New CEO Crowley plots Permanent TSB future after Covid-19 amid 'significant' pressure for bank

Eamonn Crowley group chief financial officer at the publication of the Permanent TSB Group Holdings Interim Results. The group reported profits of €53m and a 61% rise in mortgage lending. Picture: Fennells

New Permanent TSB CEO Eamonn Crowley has pledged there is a future for the mortgage bank in lending to small firms but said the fallout from Covid-19 crisis will be “significant” as it again faces some sort of increase in home loan arrears when the payment breaks for 10,000 customers come to an end.

Mr Crowley said all banks face the same challenges from lower-for-longer interest rates and the economic effects from the pandemic, but insisted there were opportunities too as Permanent TSB lends to SMEs. 

Nonetheless, the bank which is 75% owned by the Government faces substantial pressures. “We will have to deal with an increase in arrears. We will also have to deal with a significant falloff in new lending volumes. And in this respect, we have guided that new lending volumes for 2020 may be 50% lower than 2019 but that has yet to be tested,” he said.

Permanent TSB next updates the market at the end of July when, Mr Crowley said, it will have a better idea how many of the 10,000 accounts with payment breaks will go back to paying in full, or not.

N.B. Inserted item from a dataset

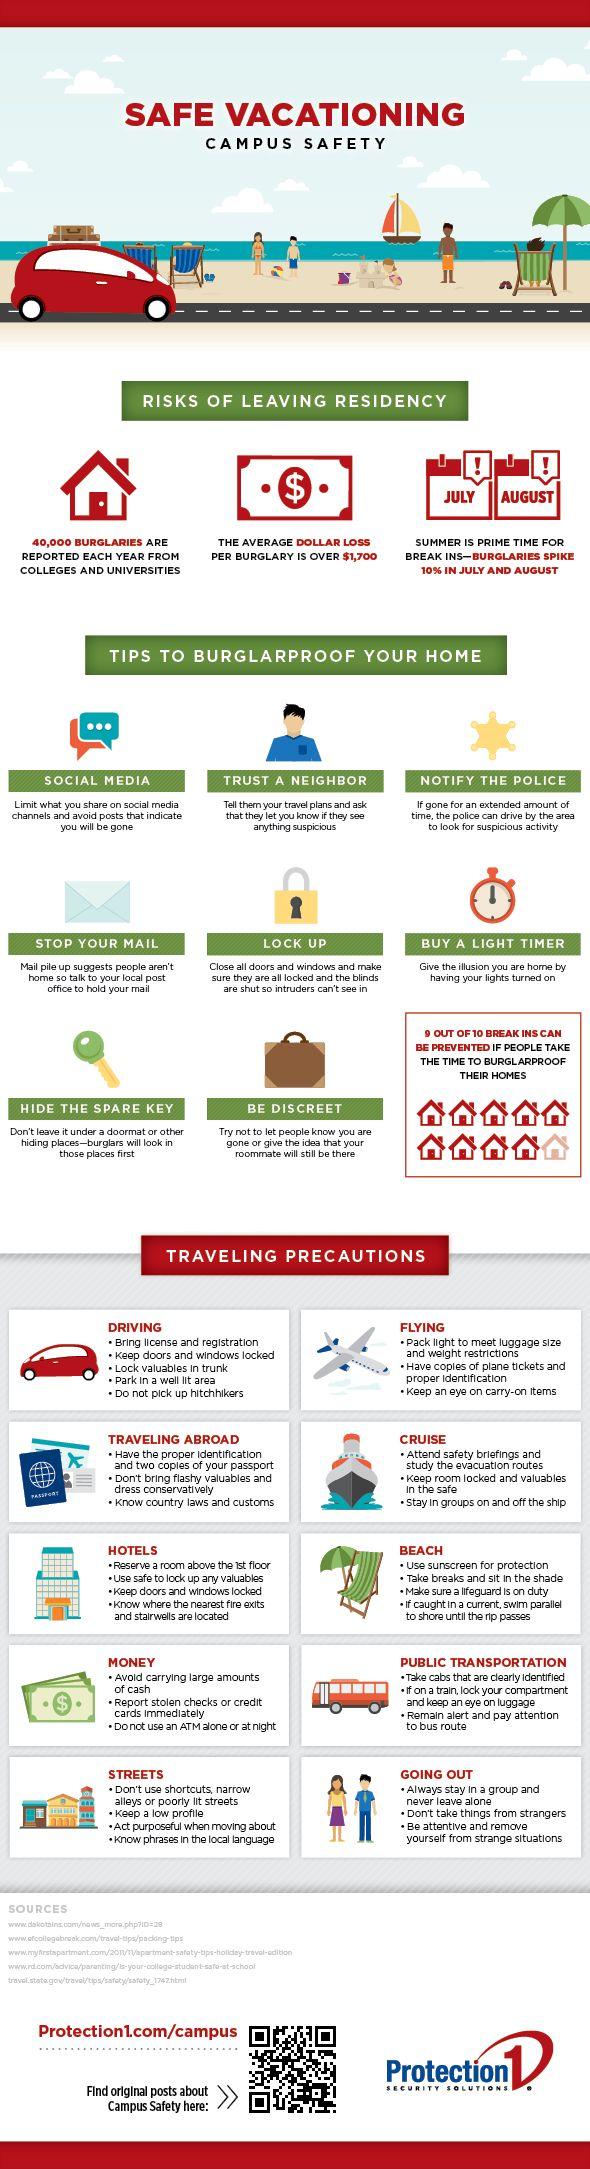 Summer travel safety tips best travel tips

He said extending the payment breaks beyond six months involved regulatory issues, and the lender was operating under the current agreement that customers could avail of extending the payment breaks of three months to six months.

There was a small pickup in mortgage applications but house prices would fall this year, as experts like the think tank ESRI have predicted, he said.

Mr Crowley who was the long term chief financial officer under the previous CEO, Jeremy Masding talked about his ambition for the bank at the start of his tenure in the top job.

He said the bank would learn from its mistakes in which Permanent TSB was fined €21m by the Central Bank for its part in the industry-wide tracker mortgage scandal. 

The bank will continue to invest in digital banking and reduce its cost-income ratio by seeking out new income streams, such as lending to SMEs, and there was “no radical plan” in focusing on costs alone, he said.

“While we have a slightly higher mountain to climb than other banks, everybody in the banking sector still has the same challenge”, Mr Crowley said of the bank’s long term future.